More Than Once a Year
One health professional you need to see 2-4 times a year is an endocrinologist for your diabetes check-up. There you will go over your hemoglobin A1c, a test that measures your average blood sugar over the past three months. You will also get other tests done during your visit, as well as some management advice. Don’t expect the endocrinologist to resolve all your issues in the 15 minutes you have with them. Save your questions for the certified diabetic educator, who should be able to give you expert direction and referrals, when needed. Hopefully, your endocrinologist has one on staff, as it would be best to see the educator/nurse every three months.
At the beginning of your diabetes diagnosis, however, you may need to see the CDE more as they are training you on how to manage your diabetes and live comfortably with the illness.
Most visits with the CDE last an hour. At their office, you review your blood sugar logs, hemoglobin A1c, and discuss problem areas around management. They are your guides to diabetes self-management and many follow-ups with the other health professionals on your team to ensure you get the best health care possible.
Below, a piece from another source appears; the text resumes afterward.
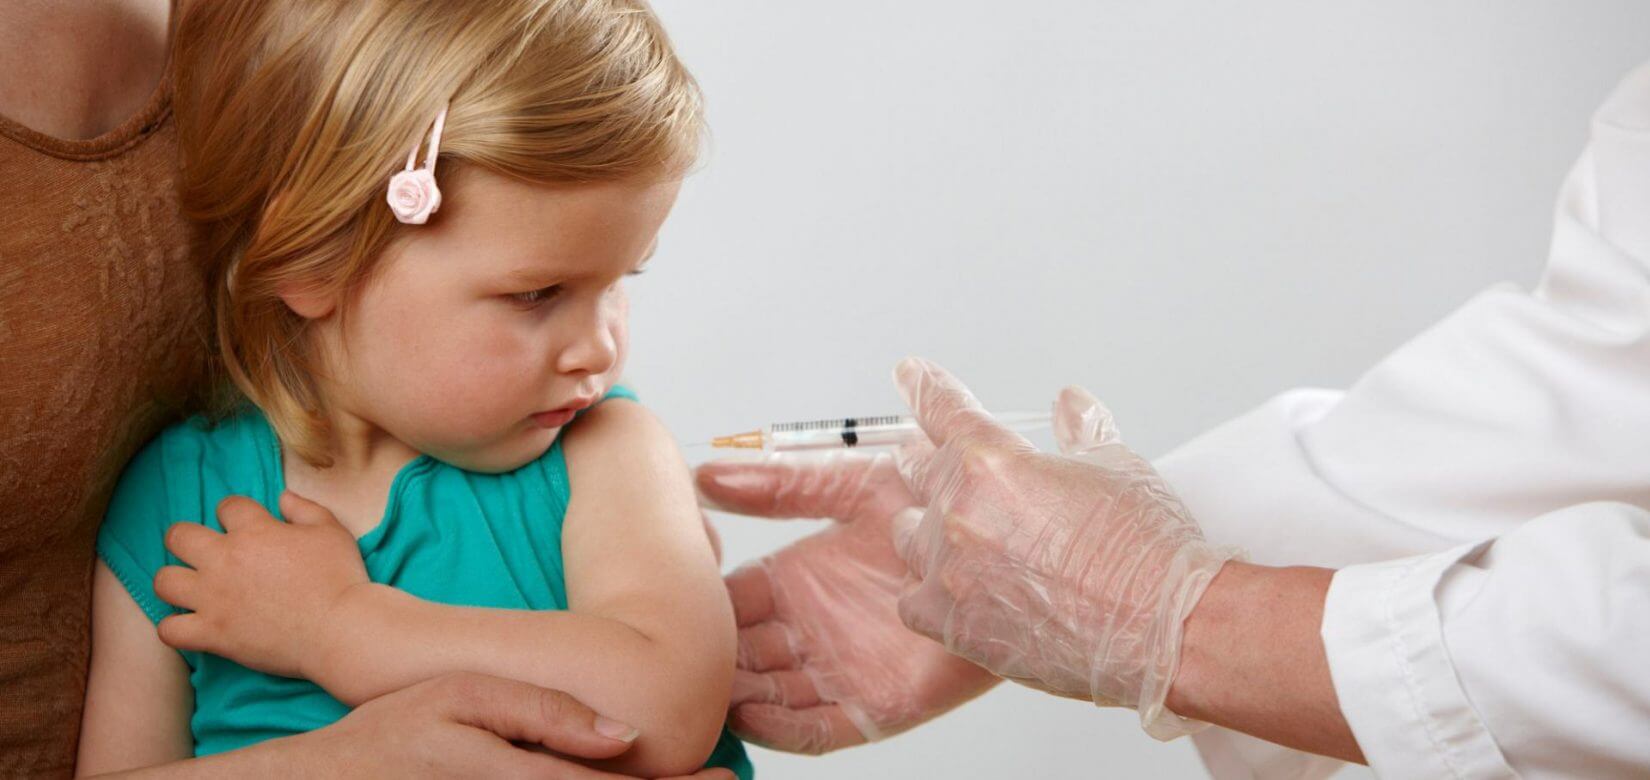 Εμβόλιο Pfizer: Μηδενική η προστασία από λοίμωξη στα παιδιά 5-11 ετών - Πού οφείλεται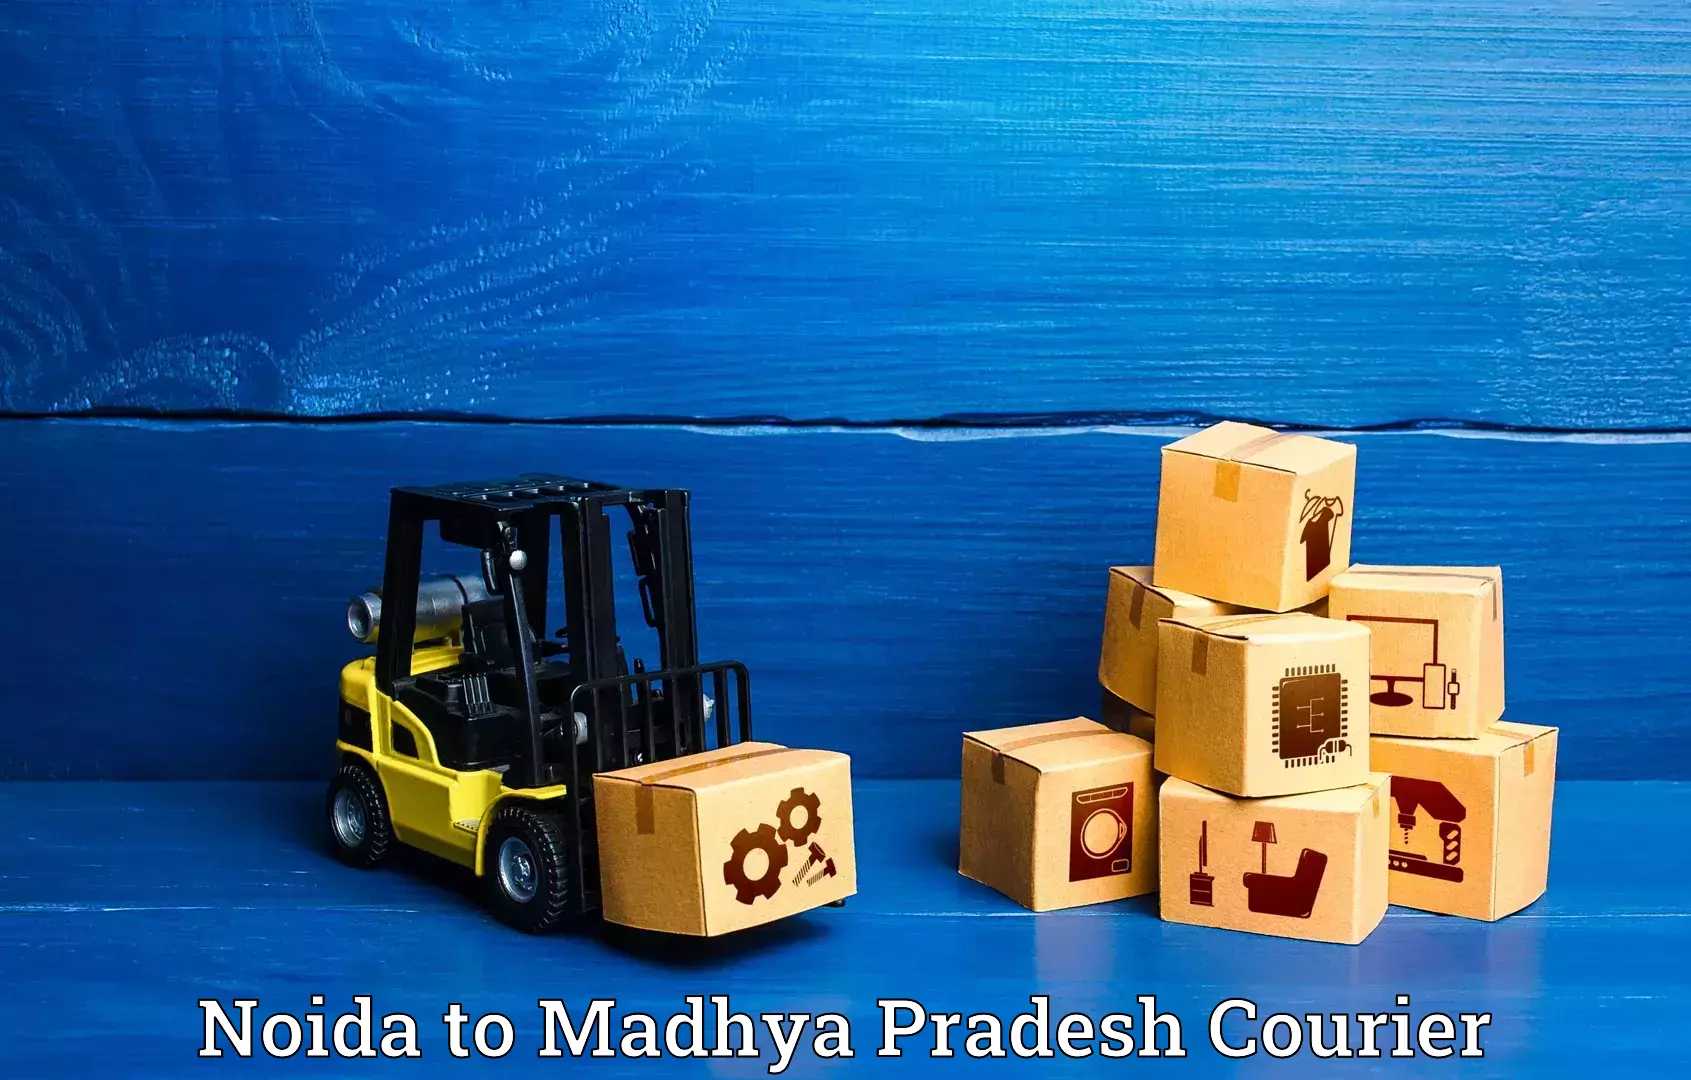 Nationwide luggage courier Noida to Maheshwar

Additionally, see the dentist two times a year. Problems with the gums can lead to insulin resistance and diabetes increases the risk of gum disease.
As Needed (a “Must” for Most)
After diagnosis, it is important to see a registered dietitian, preferably one who is also a CDE, to address your food needs based on lifestyle, medicine, and other health goals. The dietitian you will go over meal plans, balancing food with the medication, carb counting, label reading, the impact of food on blood sugars, and other management tools. Once you have learned good diet management, you may only need to see the dietitian on an as-needed basis. For example, if you are going on a diet then you may want to see a dietitian first to make sure it’s safe.
Seeing a mental health professional like a psychotherapist can be crucial, especially right after diagnosis. Issues like denial, depression, anxiety, loss of lifestyle, and anger are common in the beginning and can linger for years without professional help.
A psychotherapist is usually seen weekly to help maintain good emotional health in the face of daily trauma brought about by fluctuating blood sugars, relationship problems, and lack of family support. A psychotherapist can help resolve diabetes burnout, which is when you are physically and emotionally exhausted to the point that you may stop testing your blood sugars or even stop taking medication such as insulin.
Diabetes brings about many emotional and relationship problems. Having a non-biased individual to talk to in a safe and caring environment is crucial to long-term emotional health and happiness while living with a chronic illness such as diabetes.
Managing diabetes is a full-time job. The more work you put into it, the happier your life will be. Remember, you can schedule all these visits over the course of a year, and after a while, it becomes part of your yearly routine. Like, going to the beach every weekend of the summer season, it’s routine. If you are having problems, anyone on your health care team can help take care of you or point you in the right direction.
For one-stop shopping, go to a diabetes clinic in your area that has most of the above professionals working there. That will make it a little easier, especially after being diagnosed with diabetes. Until my next blog entry, have a great week.
Eliot LeBow, LCSW, CDE, is a diabetes-focused psychotherapist. His private practice, located in New York City and is also available via Skype. LeBow, who has been living with type 1 diabetes since 1977, treats the many diverse cognitive, behavioral, and emotional needs of people living with type 1 and type 2 diabetes.
All the advice included in this blog is therapeutic in nature and should not be considered medical advice. Before making any changes to your diabetes maintenance program, please consult with your primary physician or endocrinologist.